[Source data Boundary: Start]
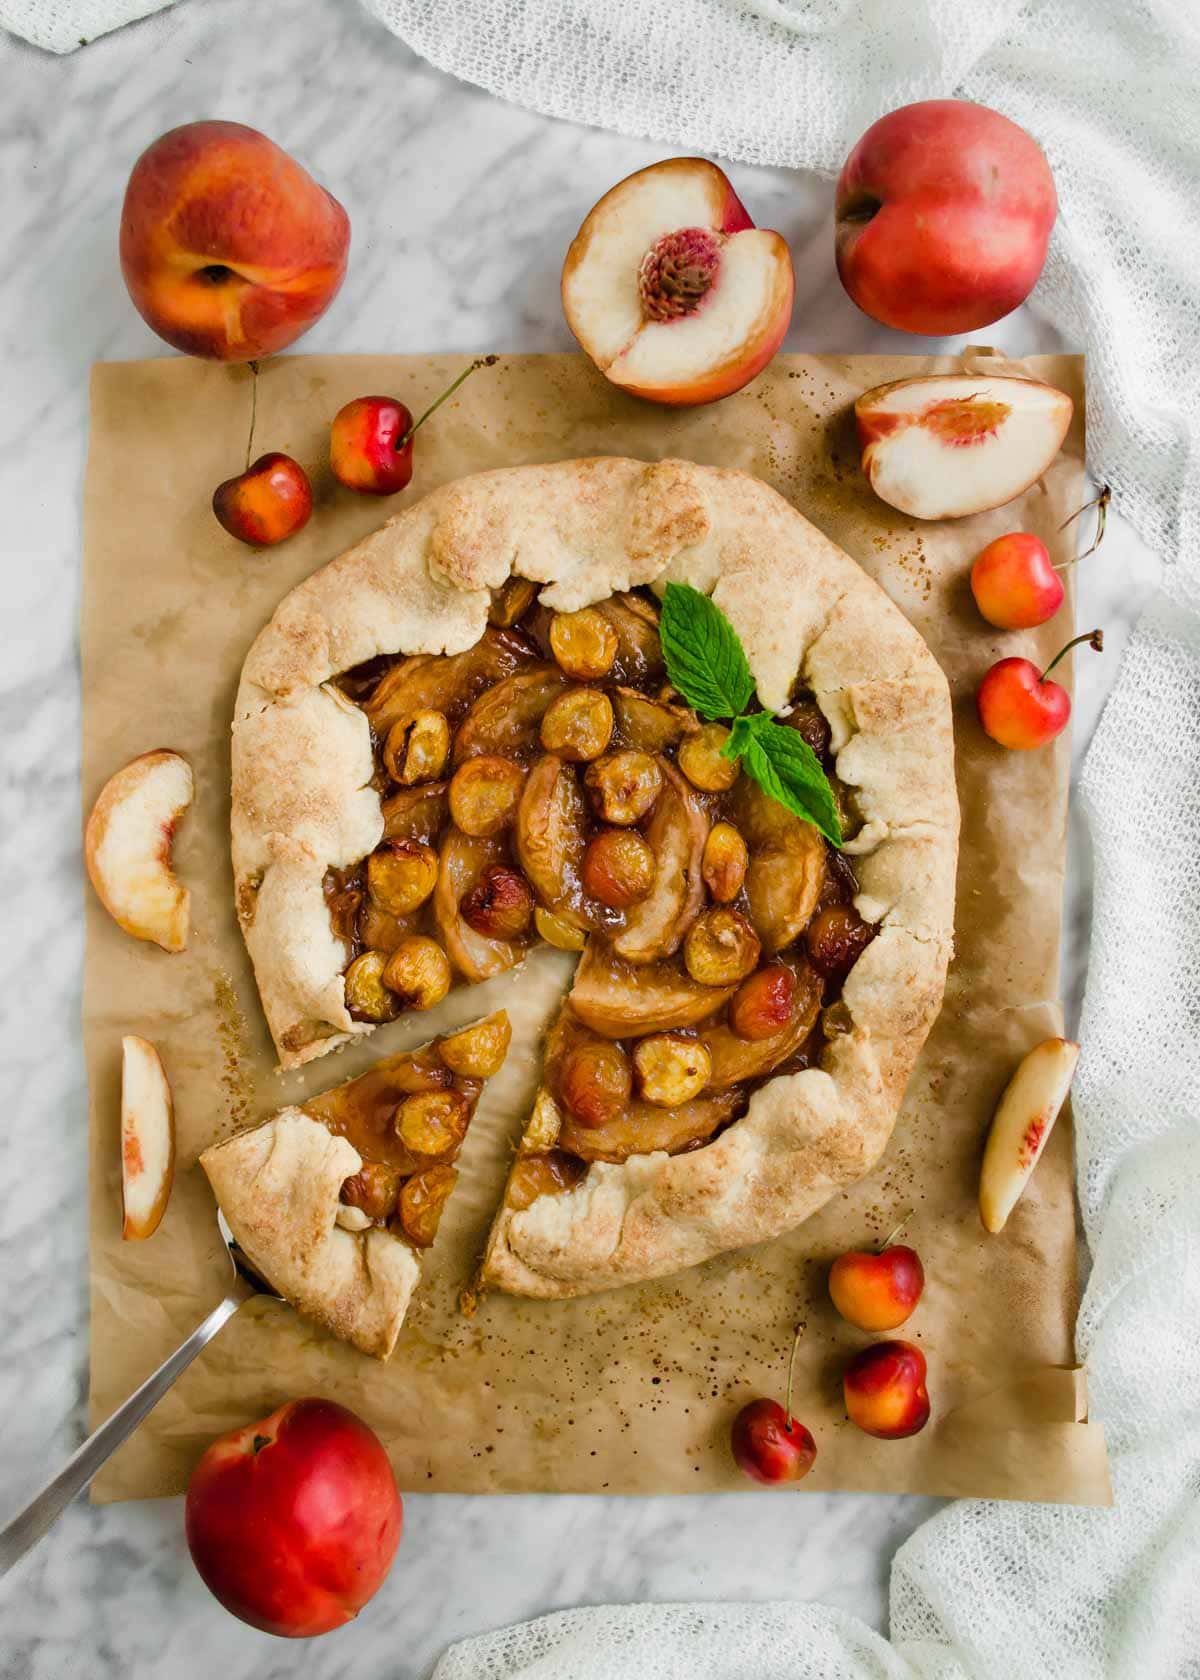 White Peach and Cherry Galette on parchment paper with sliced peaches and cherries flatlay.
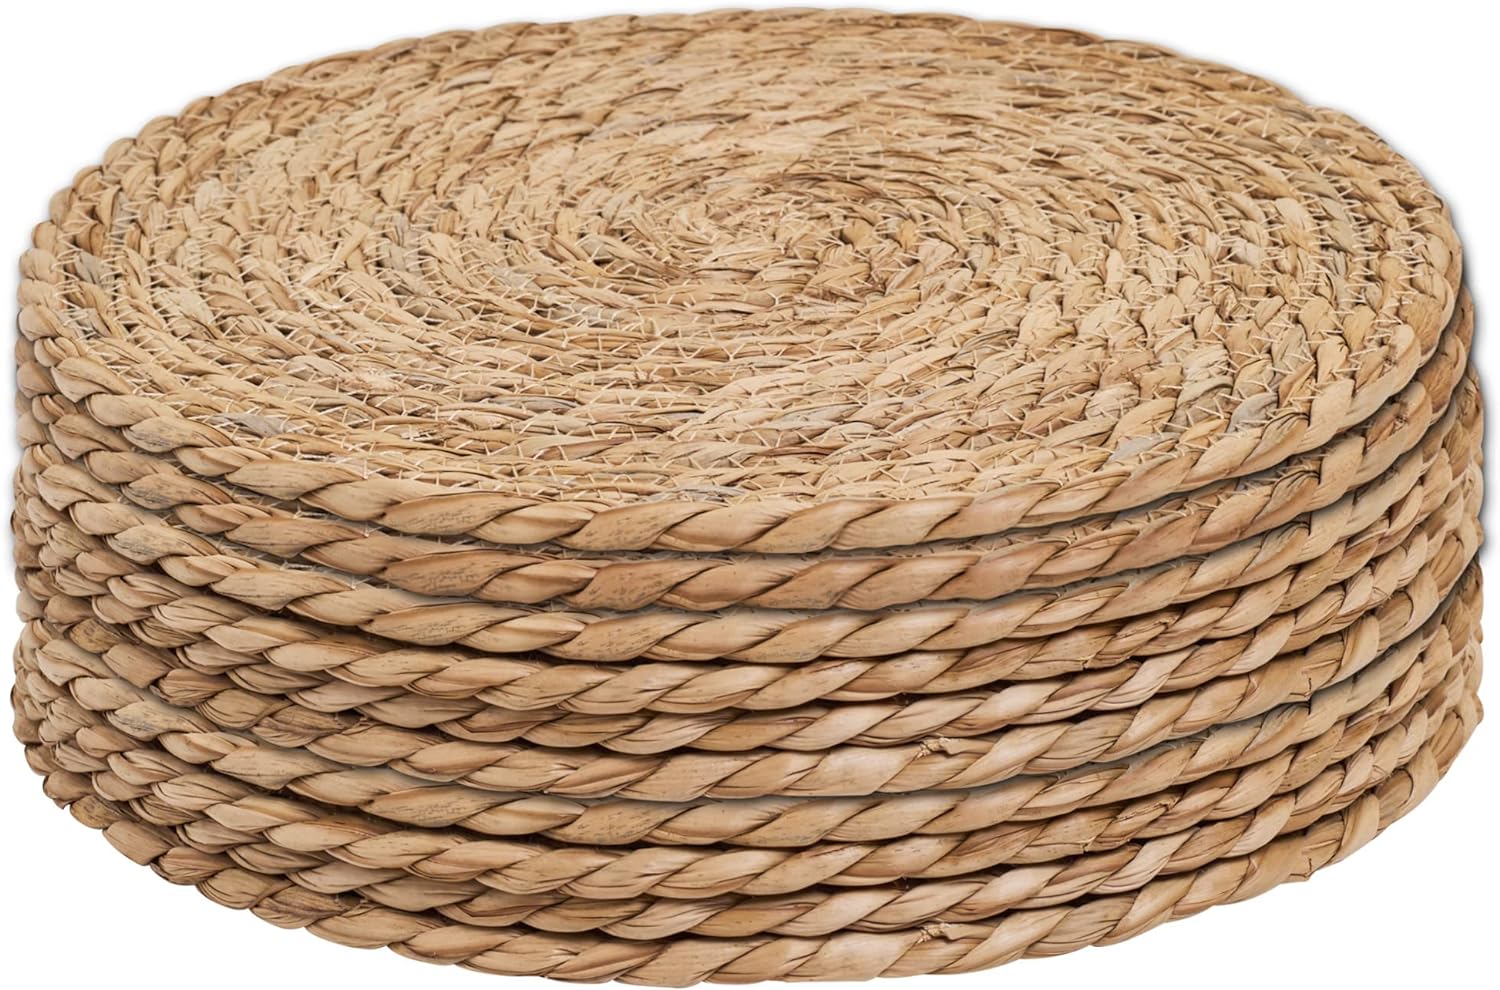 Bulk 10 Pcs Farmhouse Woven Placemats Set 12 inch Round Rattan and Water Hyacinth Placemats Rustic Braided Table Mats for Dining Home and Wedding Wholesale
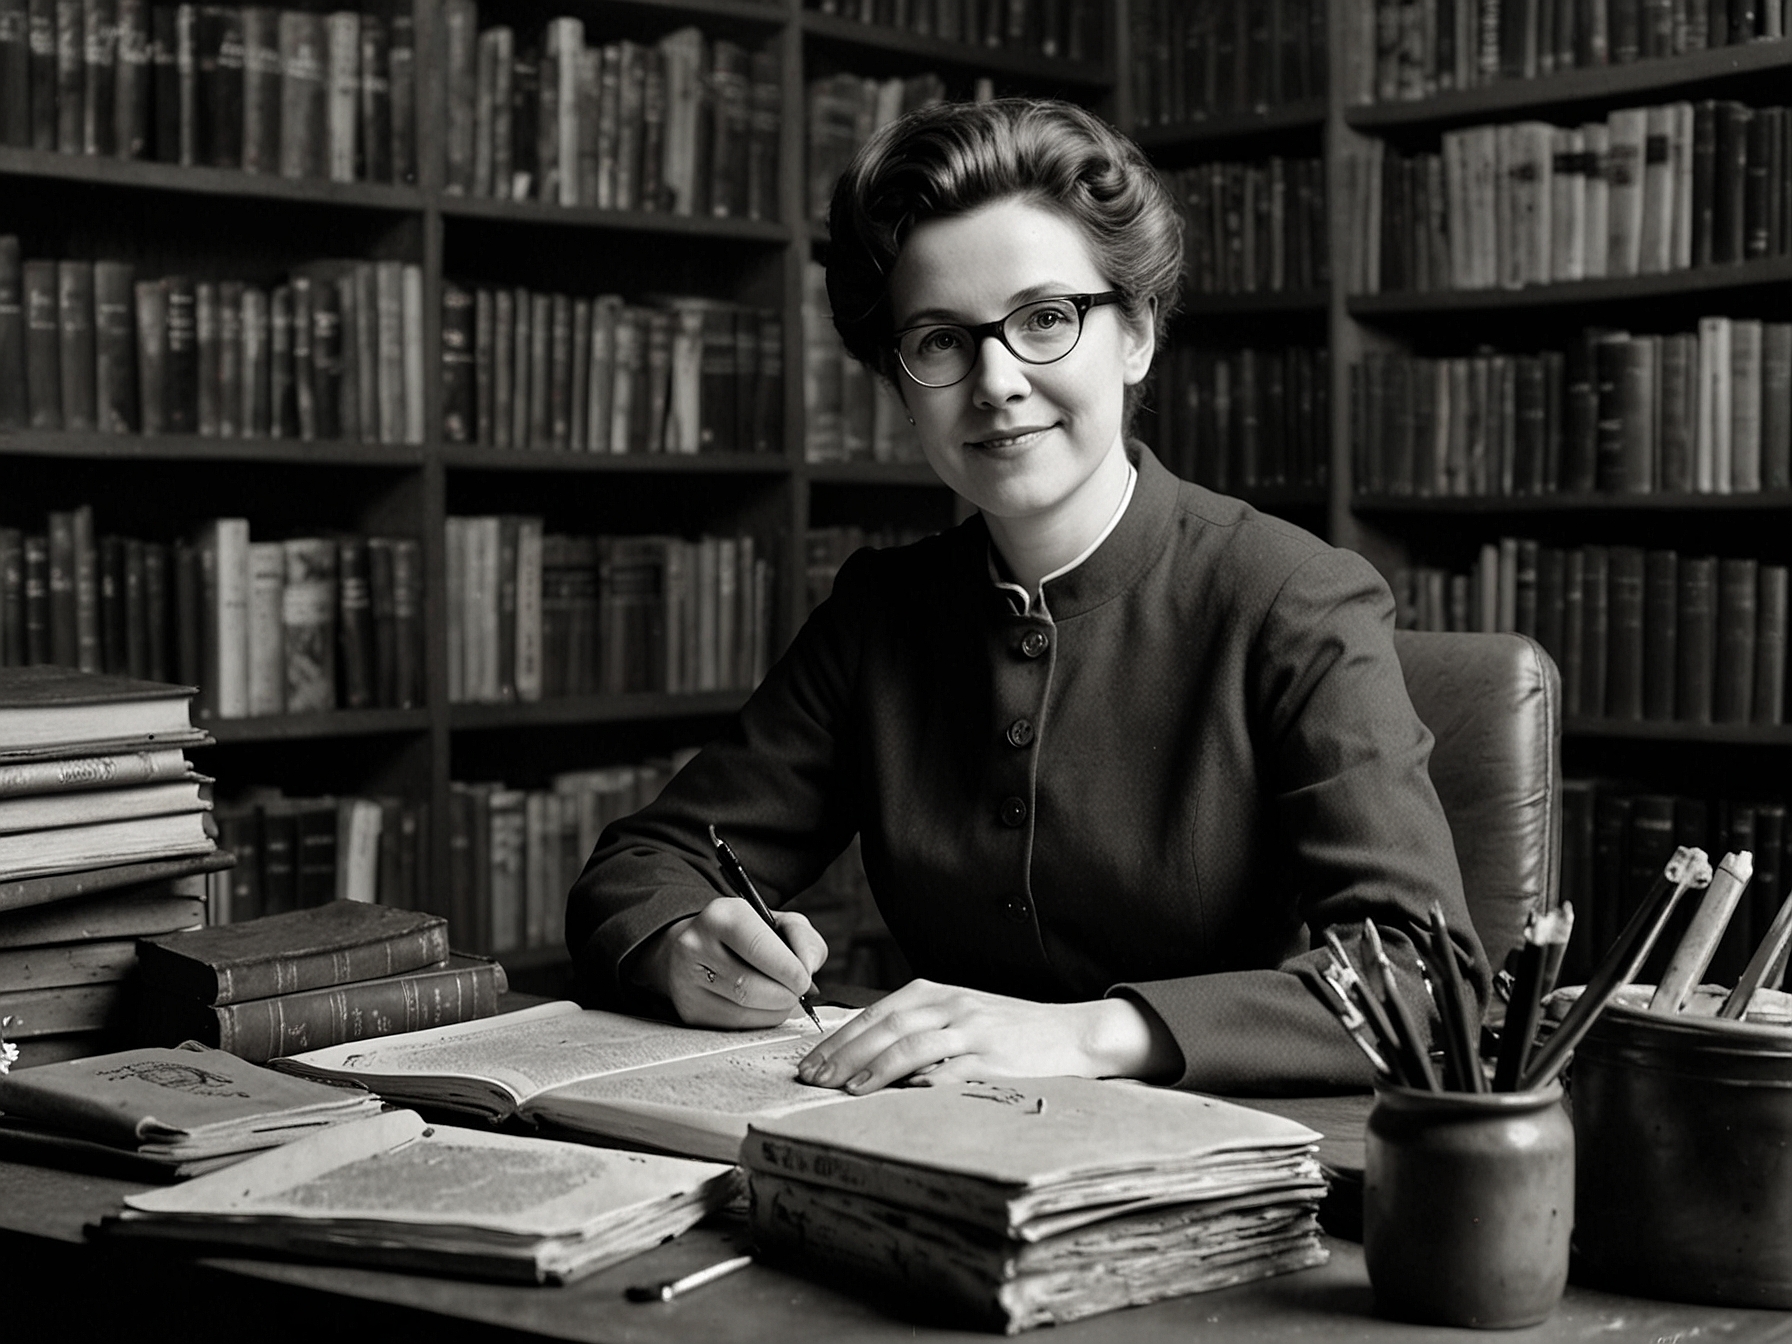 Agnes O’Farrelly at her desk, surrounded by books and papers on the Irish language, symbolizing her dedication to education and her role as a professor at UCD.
[Source data Boundary: End]
- Activity:
Leave the images out as you retype each line of the material exactly.

- Exercise response:
 White Peach and Cherry Galette on parchment paper with sliced peaches and cherries flatlay.
 Bulk 10 Pcs Farmhouse Woven Placemats Set 12 inch Round Rattan and Water Hyacinth Placemats Rustic Braided Table Mats for Dining Home and Wedding Wholesale
 Agnes O’Farrelly at her desk, surrounded by books and papers on the Irish language, symbolizing her dedication to education and her role as a professor at UCD.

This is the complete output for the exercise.